-- What the exercise asks --
Please write out only the lines from the line with "Maricela ugarte pena liasgarden concept1" to the line with "出身地明るい旅三和トレーディング EMOTIONS エモーション", inclusive, exactly as they stand below, without the pictures.

-- Dataset content --
* * *
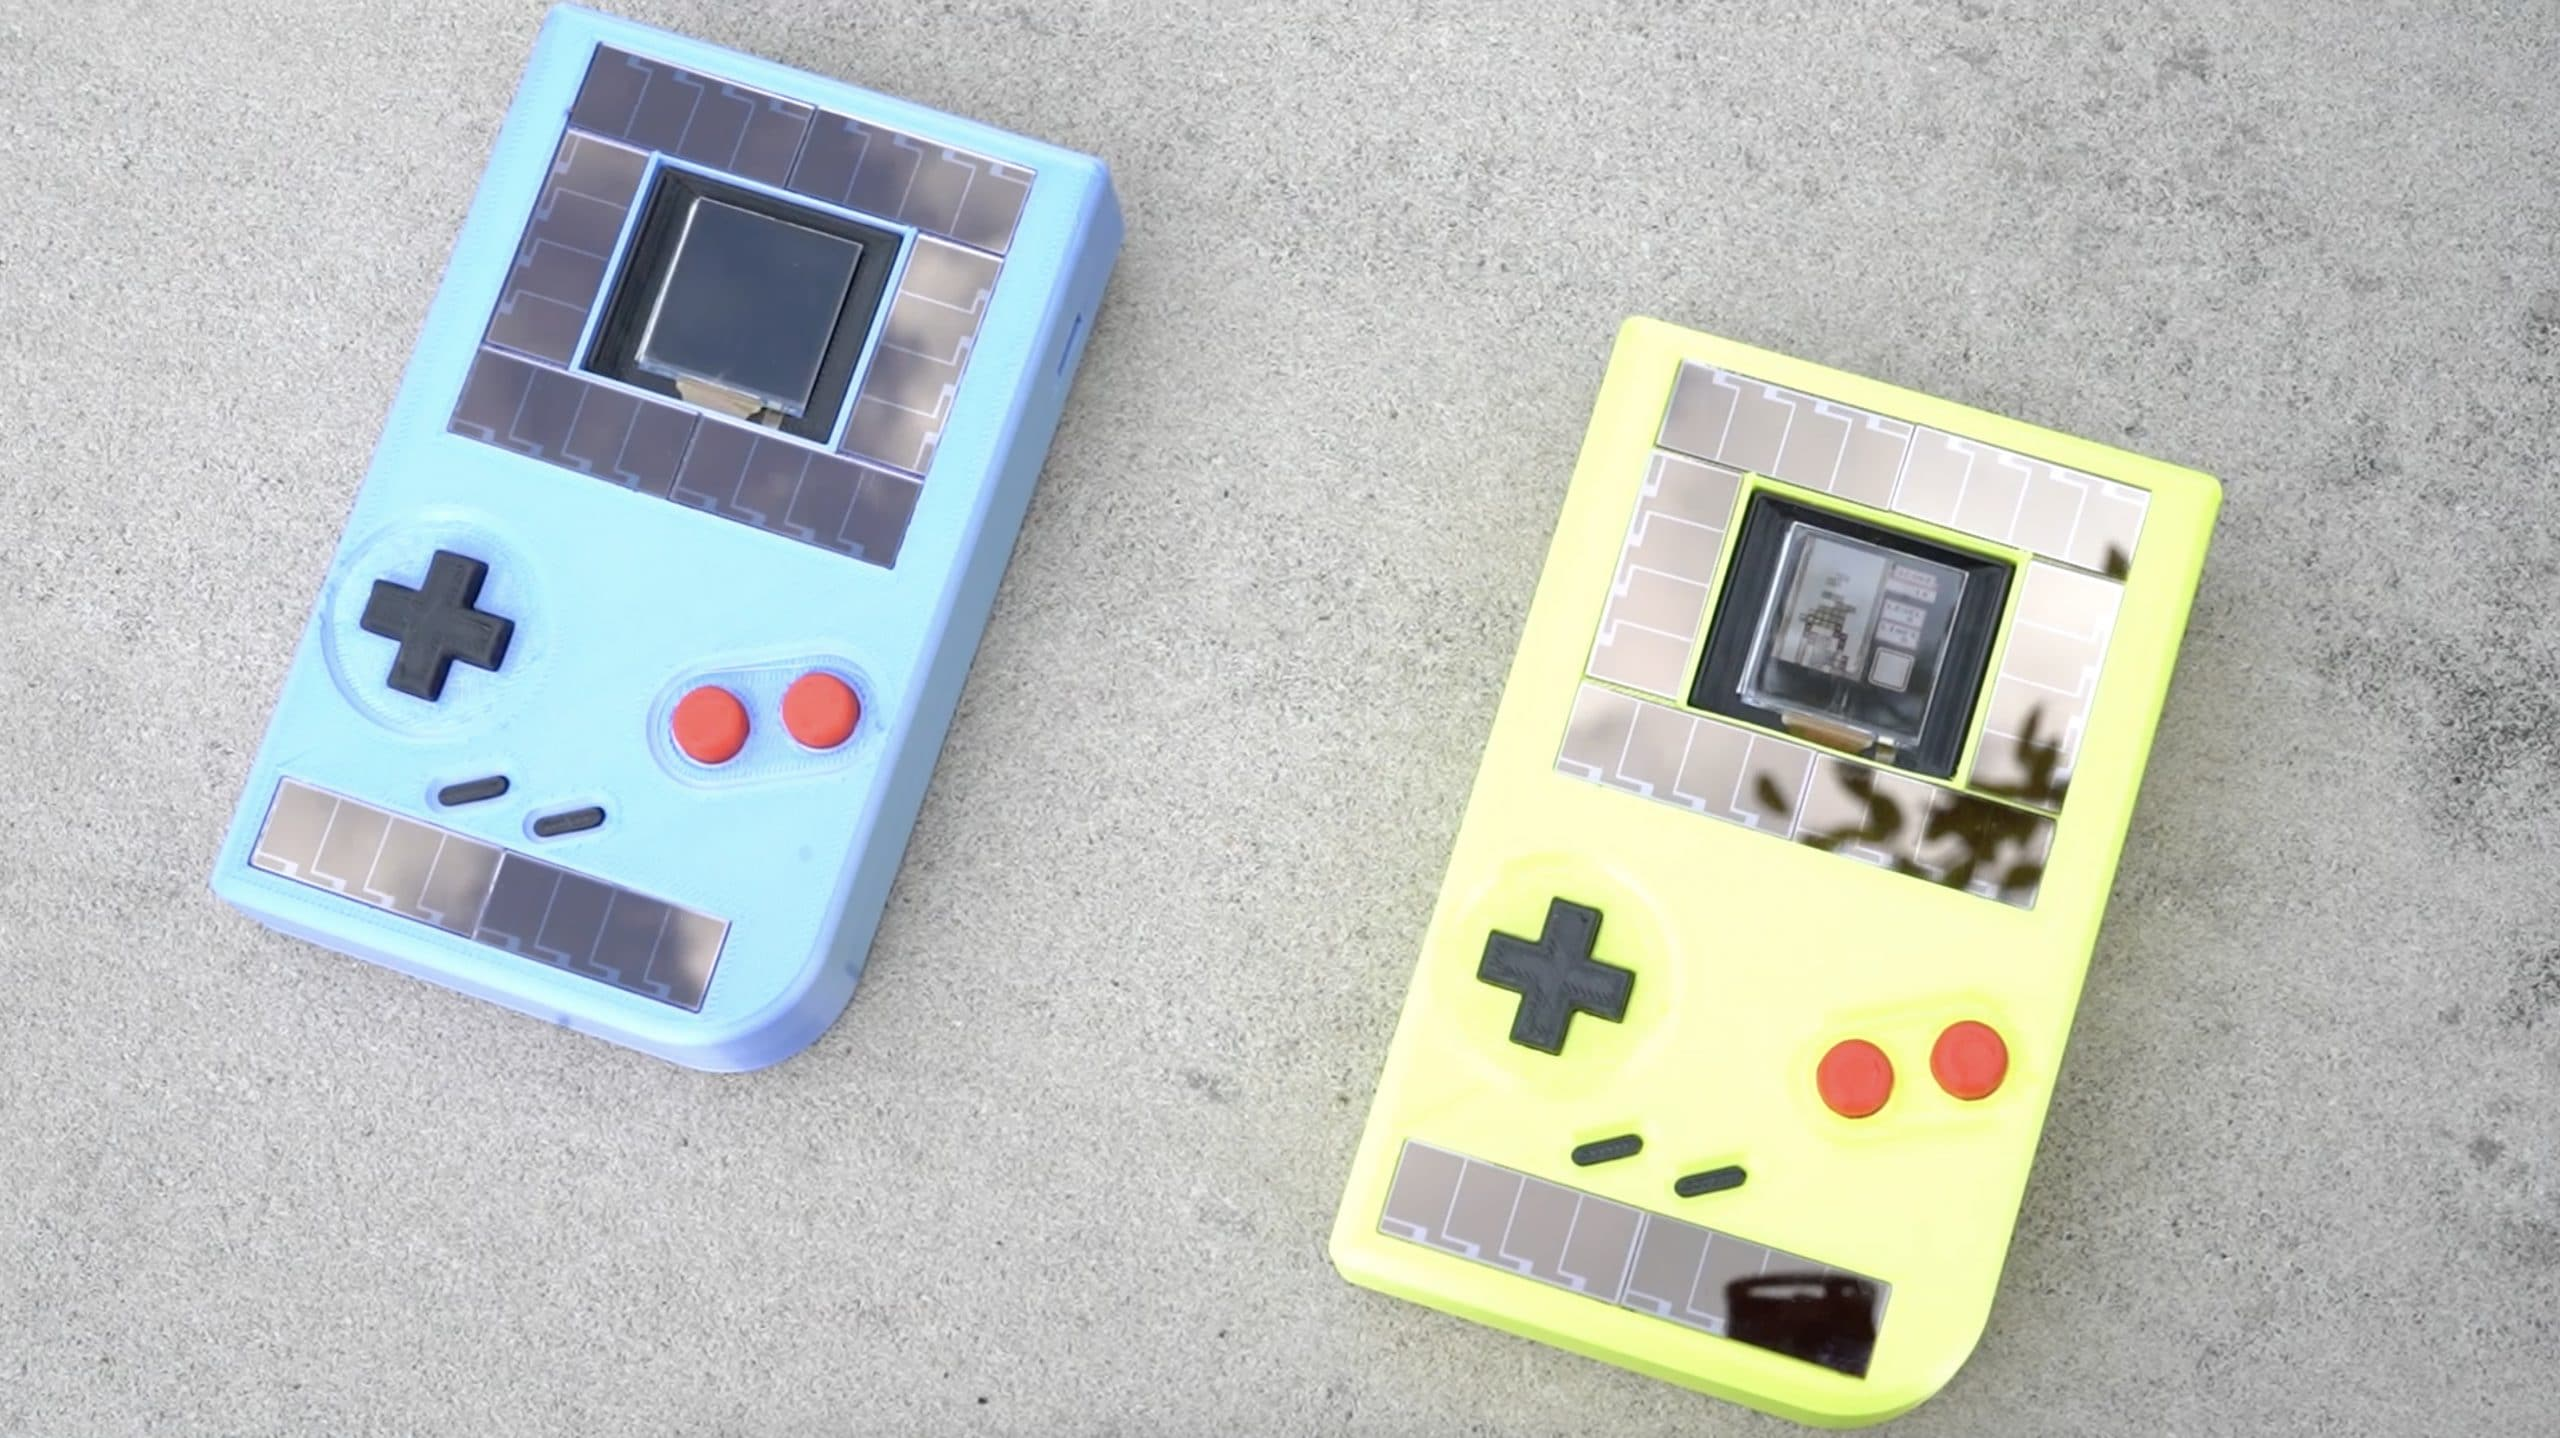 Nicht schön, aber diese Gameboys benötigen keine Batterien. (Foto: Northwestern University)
* * *
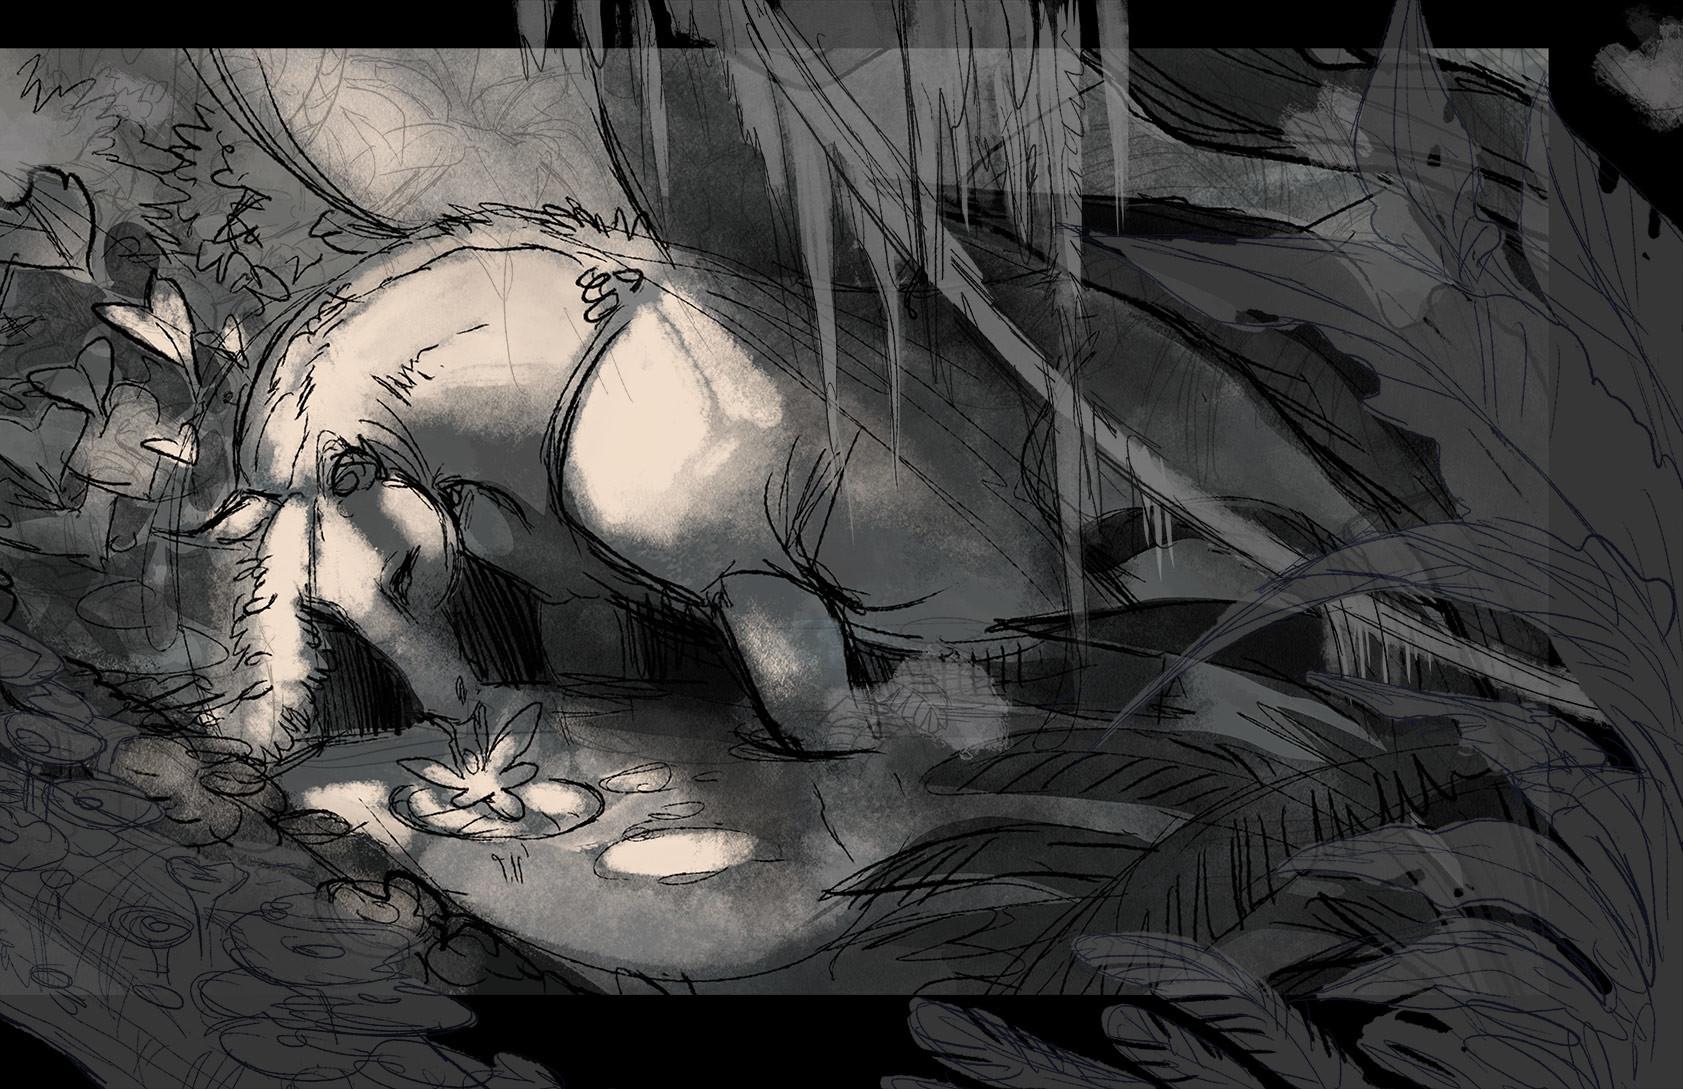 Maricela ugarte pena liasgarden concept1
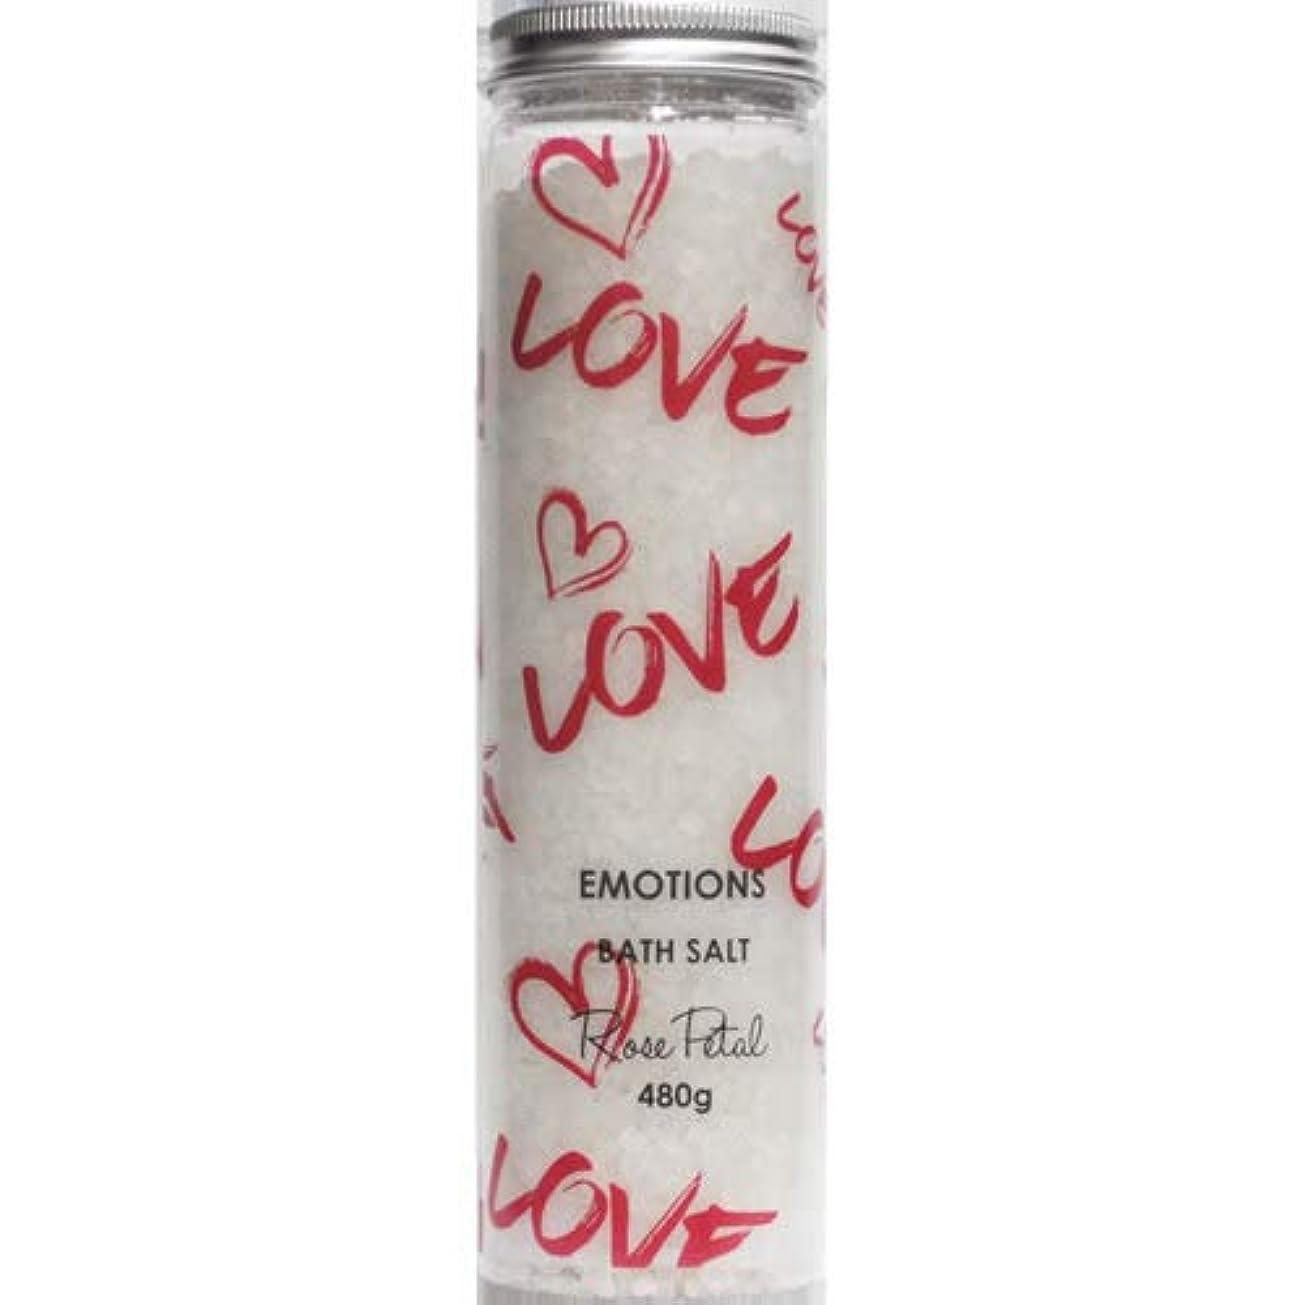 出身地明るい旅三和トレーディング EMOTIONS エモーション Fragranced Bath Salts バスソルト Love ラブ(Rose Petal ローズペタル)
* * *
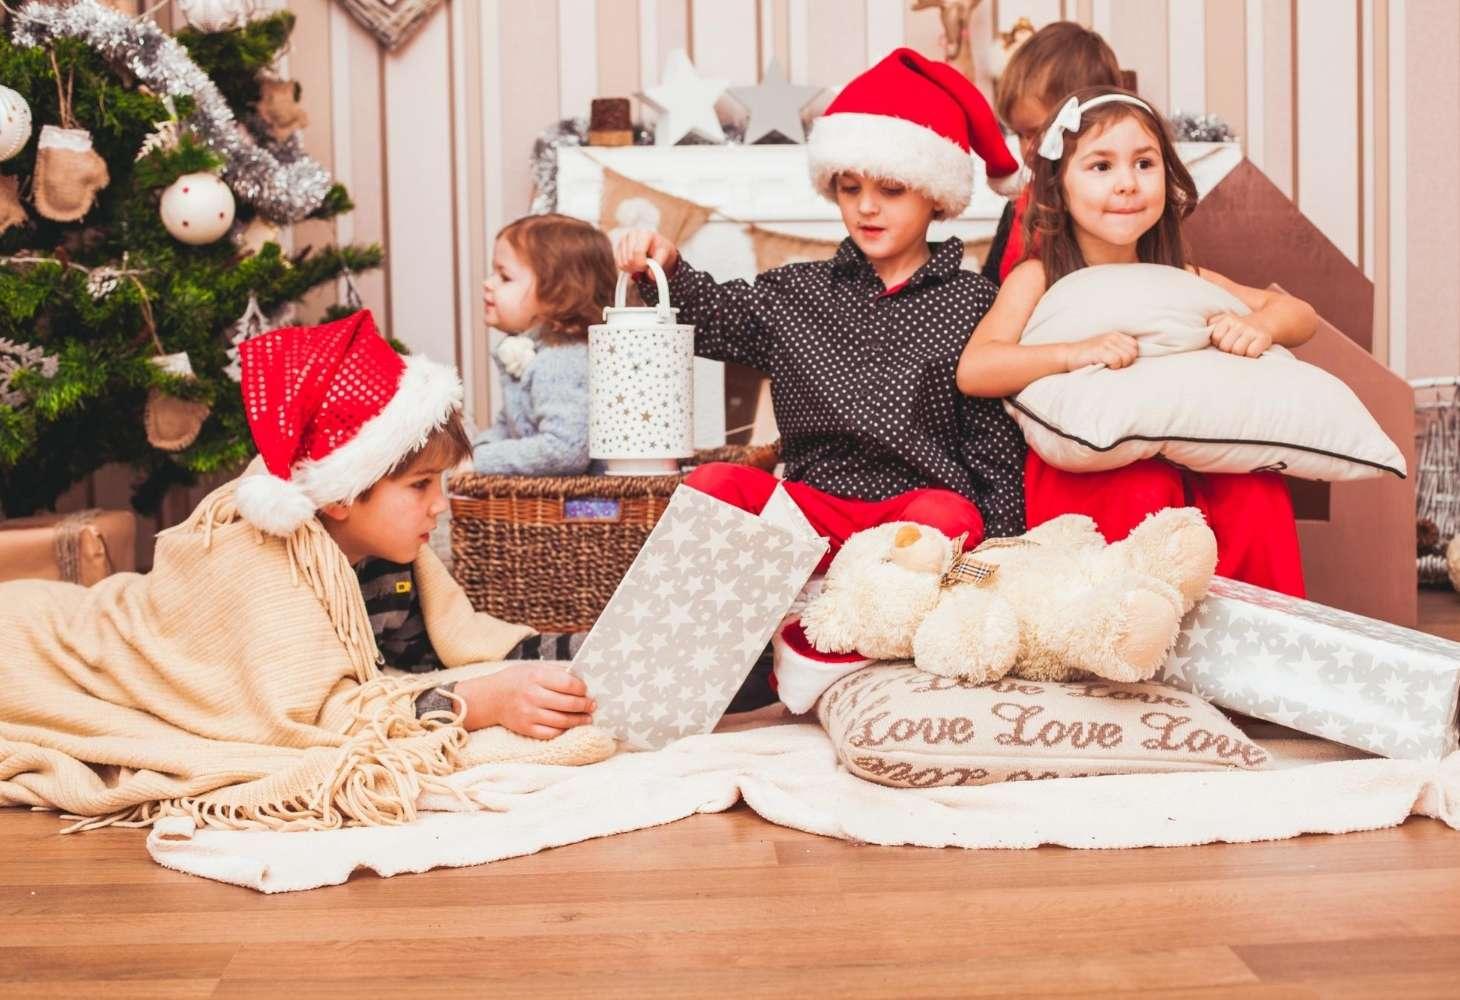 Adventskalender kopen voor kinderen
* * *
-- Result for this exercise --
 Maricela ugarte pena liasgarden concept1
 出身地明るい旅三和トレーディング EMOTIONS エモーション Fragranced Bath Salts バスソルト Love ラブ(Rose Petal ローズペタル)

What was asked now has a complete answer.